Fairness Assessment¶
Cylynx's VerifyML fairness assessment determines whether outcomes provided by your model are fair across the specified sensitive attributes. Depending on the context, examples of sensitive attributes can be sex, ethnicity and age. VerifyML currently supports assessment for binary classification and regression problems.
In our assessment, we will identify and flag subgroups that a model biases against, based on these options:
- type of test (e.g. disparity test, feature importance test)
- fairness metric of interest (e.g. false postive rate, false negative rate, mean squared error)
- method (e.g. ratio, chi-sq test)
- threshold value
End-users will have to provide with their own ML model and specify the above arguments using a Python interface, after which the results will be compiled into a model scorecard through the model card toolkit. Fairness assessment is one of the segments of the scorecard. The tookit also provides trade-off analysis between business objectives and fairness objectives across different models.
Fairness Tests and Explainability¶
Currently, we provide 5 different tests. Each test comes with an outcome, being passed or failed, and respective graphs for visualisation.
1) Subgroup Disparity Test¶
This test checks if there is disparity (over a specified threshold) in the fairness metrics between the best and worst performing subgroups of the sensitive attribute. The test ensures one group is not given too much privilege/handicap over another. Depending on the context and justifications, test arguments like threshold and fairness metric have to be carefully selected by the end-user.
For classification problem, choices for fairness metrics include:
- false negative rate
- false negative rate
- predicted positive rate
For regression problem, choices for fairness metrics include:
- mean squared error
- mean absolute error
Choices for disparity measure include:
- ratio
- difference
- chi-square test (only for classification problem)
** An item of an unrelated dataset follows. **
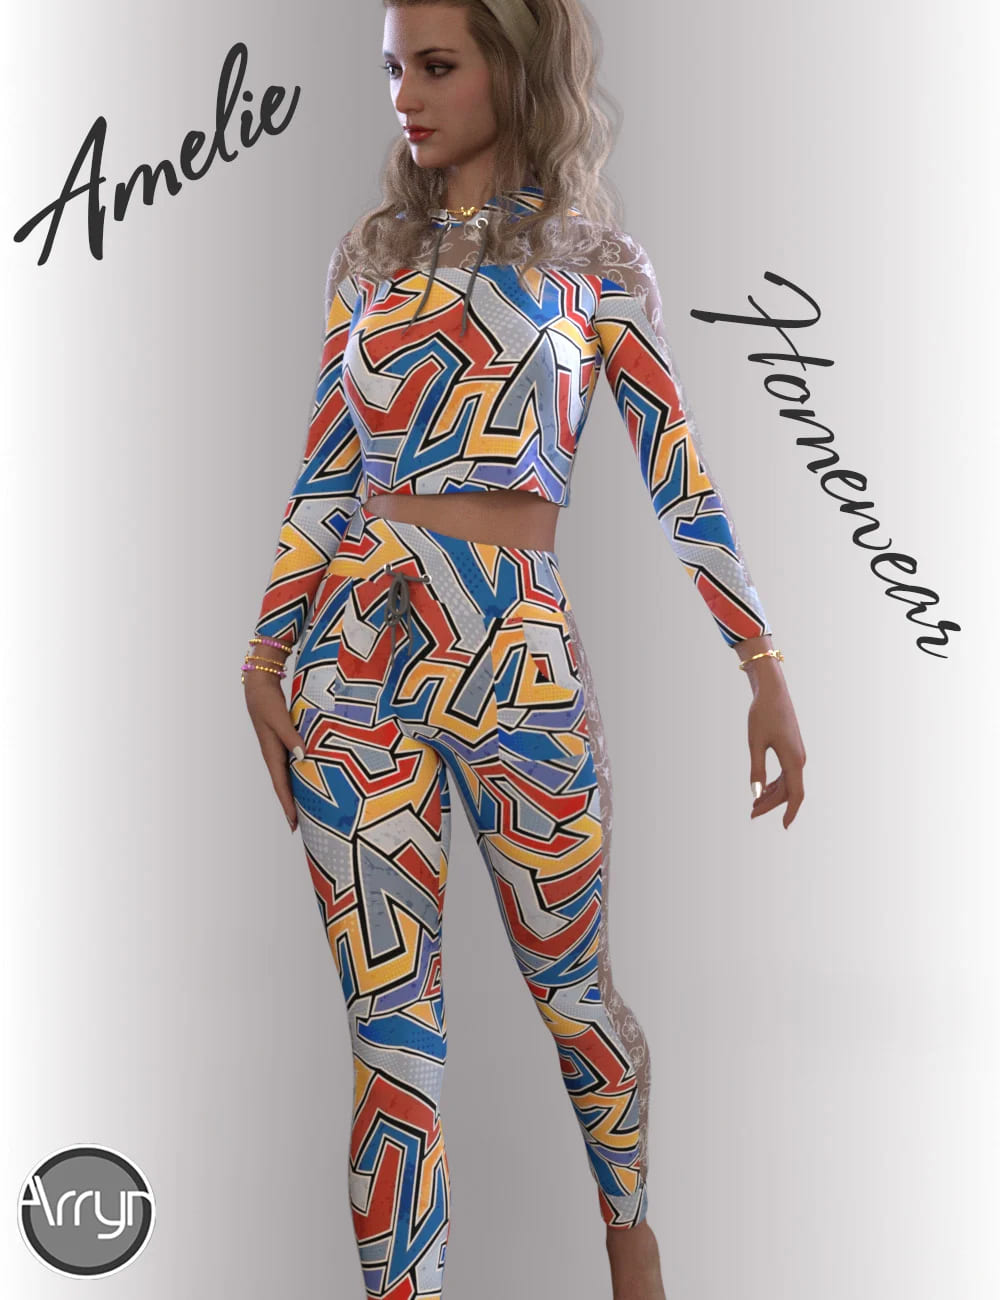 dForce Amelie Homewear for Genesis 8.1 Females_DAZ3D下载站

2) Min/Max Metric Threshold Test¶
This test checks if the fairness metric of the subgroups passes the mininum/maximum threshold specified. For example, a reasonably fair maximum threshold for false positive rate in the case of fraud detection can be 2.5%, where any value greater can be detrimental to the subgroup / business and is best avoided. In contrast to the above disparity test, disparity among the subgroups are not considered in this test as long as their metrics pass the threshold. This is crucial as it may not be ethical and justified to worsen one of the subgroup's metric to reduce the fairness disparity among subgroups. For classification problem, ROC curve will be plotted to visualise the trade-off between business and fairness objective.
For classification problem, choices for fairness metrics include:
- false negative rate
- false negative rate
- true positive rate
- true negative rate
For regression problem, choices for fairness metrics include:
- mean squared error
- mean absolute error
3) Perturbation Test¶
This test checks if the fairness metrics of the subgroups in the original data are not worse than that of the perturbed data by a specified threshold. In the perturbed data, the values in the sensitive attribute column will be randomly shuffled while keeping all other features unchanged. This renders the attribute insignificant in explaining the model, providing a what-if scenario on the fairness metrics performance if the sensitive attribute were to be completely removed from the model.
For classification problem, choices for fairness metrics include:
- false negative rate
- false negative rate
- predicted positive rate
For regression problem, choices for fairness metrics include:
- mean squared error
- mean absolute error
Choices for disparity measures include:
- ratio
- difference
4) Feature Importance Test¶
This test checks if the subgroups of the specified sensitive attributes are the model's top influential features based on user-selected or Shapely importance values. A sensitive subgroup as the model's top feature is not entirely desirable due to the model's over-reliance on that feature to make predictions, potentially imposing ethical bias among the subgroups. One solution to this is to reduce dependence on the sensitive attribute by introducing other features (into the model) that is not only correlated to the sensitive attribute but also has a more causal relation with the outcome.
5) Data Shift Test¶
This test checks if there is a shift in the distribution of the sensitive attributes between the training data and evaluation data. As part of continuous model deployment, this provides alerts to end-users on the possibility of model performance degradation (based on both fairness and business objectives) and that the model requires retraining on newer data.